- IATA: none; ICAO: none; FAA LID: 3L1;

Summary
- Airport type: Public
- Owner: Charlie Hammonds
- Serves: Houma, Louisiana
- Elevation AMSL: 5 ft (1.5 m)
- Coordinates: 29°35′19″N 90°42′52″W﻿ / ﻿29.58861°N 90.71444°W
- Interactive map of Charlie Hammonds Seaplane Base

Runways
| Direction | Length |  | Surface |
| ft | m |
| 1W/19W | 6,000 | 1,829 | Water |

Statistics (2006)
- Aircraft operations: 7,400
- Source: Federal Aviation Administration

= Charlie Hammonds Seaplane Base =

Charlie Hammonds Seaplane Base was a public-use seaplane base located at 1200 Dunn Street in Houma, a city in Terrebonne Parish, Louisiana, United States. It is privately owned by Charlie Hammonds and managed by Carol Hammonds.
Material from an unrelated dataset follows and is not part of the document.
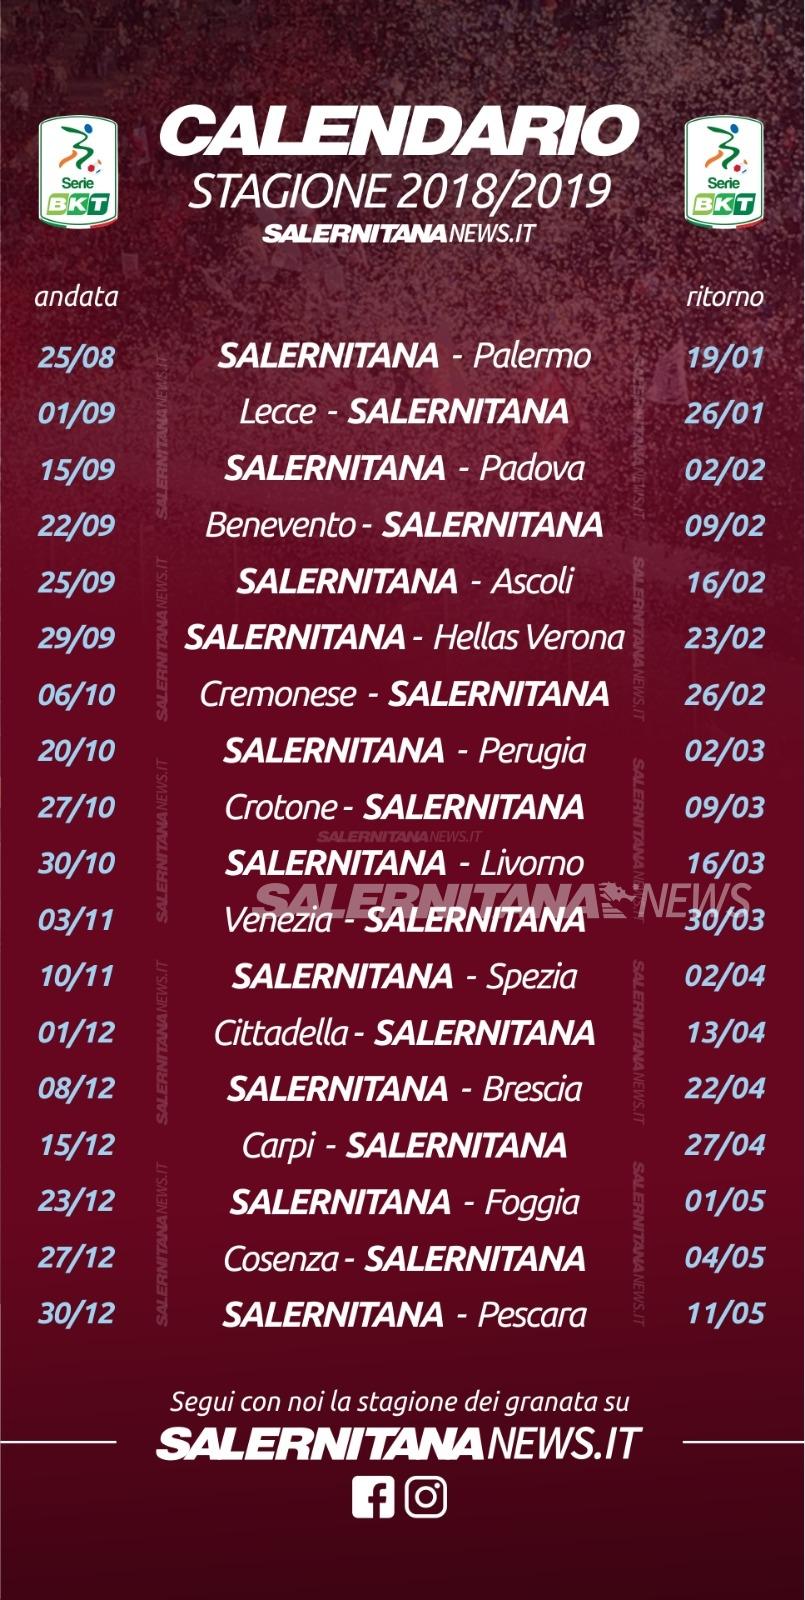 Calendario Salernitana.Foto Il Cammino Dei Granata Giornata Dopo Giornata Scarica

== Facilities and aircraft ==
Charlie Hammonds Seaplane Base covers an area of 1 acre. It has one seaplane landing area (1W/19W) measuring 6,000 by 150 ft (1,829 by 46 m) which is located on the Intracoastal Waterway. For the 12-month period ending November 15, 2006, the airport had 7,400 general aviation aircraft operations, an average of 20 per day.